Case in point, a few student media advisers were on a listserv, discussing which media-writing text would be good for their classes. “Dynamics of Media Writing” came up three times. That was amazing to me. I also got a few messages after MCMC from people asking if they could get a desk copy of my “Dynamics of News Reporting and Writing” text, as they wanted to adopt it in the fall because they heard good things.
Even the kids, who I have been told a jillion times hate textbooks and never use them, have been amazingly kind to me over the years. For example, I brought a bunch of swag to the MCMC, including “Filak Furlough Tour” T-shirts and a “trophy bat” for the organization to give away. At the end of the MCMC, the students on the board got copies of my reporting book as a thank you, when one of the kids came up to me and asked if I would sign the book.
“You don’t want me to sign that,” I explained. “If you keep it shrink-wrapped, the bookstore will pay you a chunk of change for it.”
She gave me a “why the hell would I do that?” look and then peeled off the wrapping. I ended up signing all three of the books that day.

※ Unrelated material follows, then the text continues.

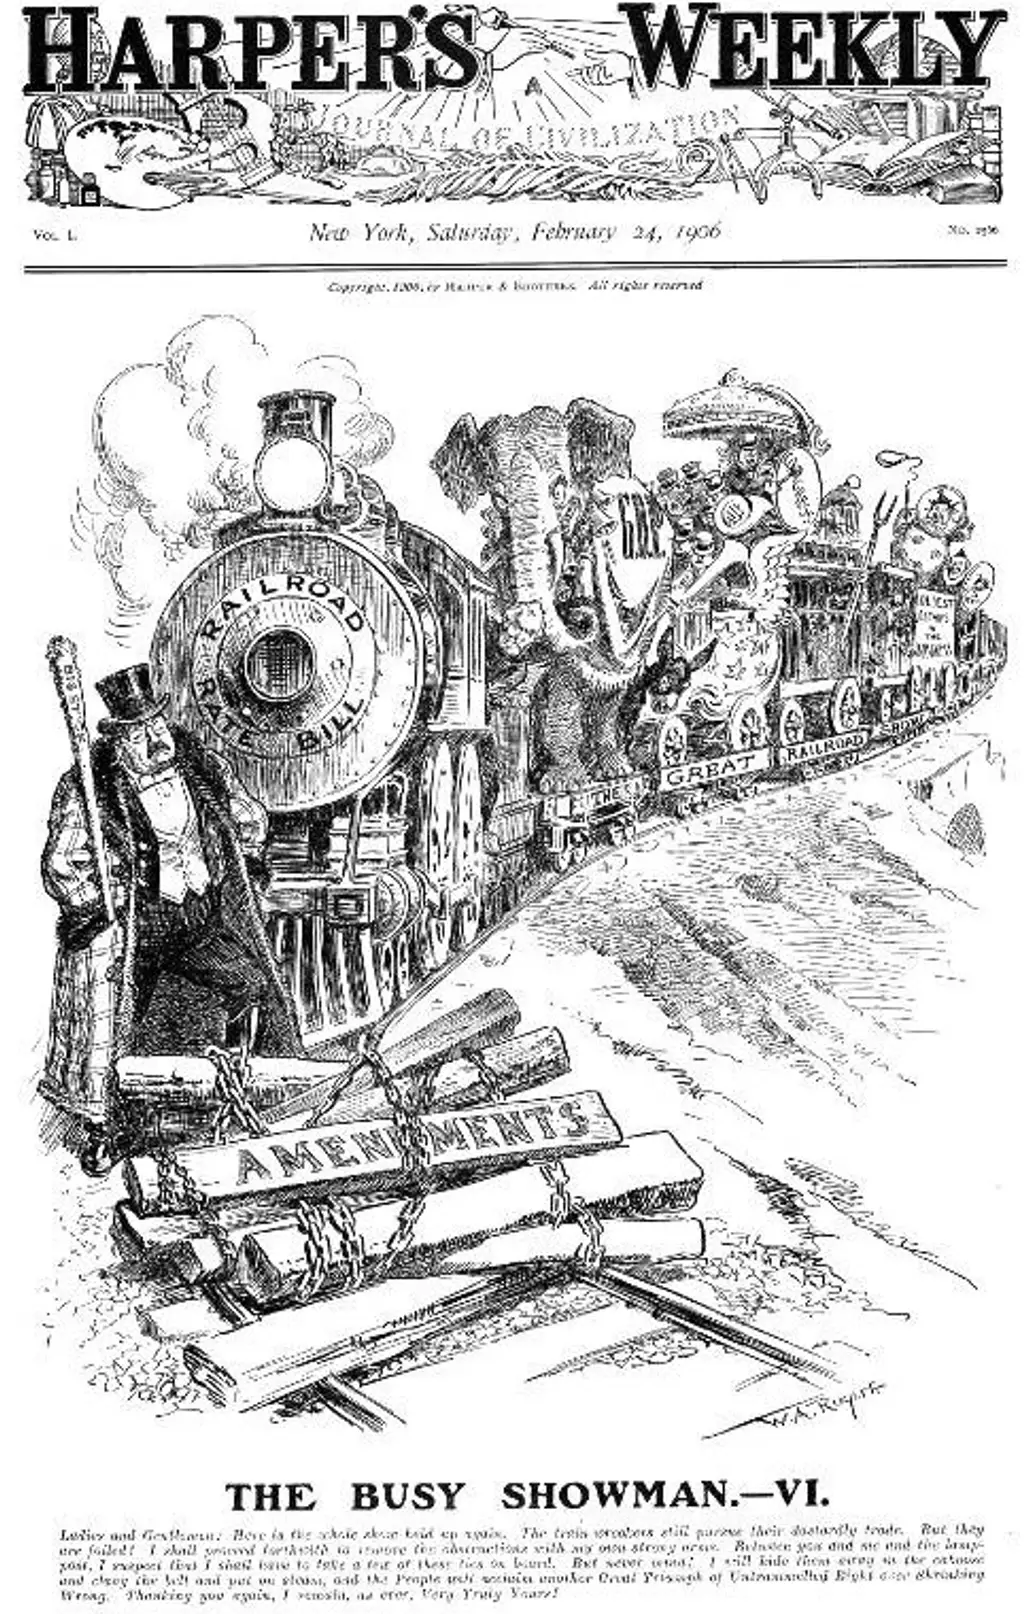 Regulation of the Railroads

Actual proof that someone wanted my autograph on something other than a check or a grade-change form.
When I got back and told the story to my reporting class, one young lady told me, “I read your book. I still think it’s the best textbook because I could understand things from it. It felt really… human.”
In the age of AI, I’ll take the hell out of that.
Perhaps this is the longest way I can think of to say thank you for everything you do for me in the “external validation” department. My goal with each edition of the book and each blog post is to make sure I earn it.
If there’s anything you need, please let me know.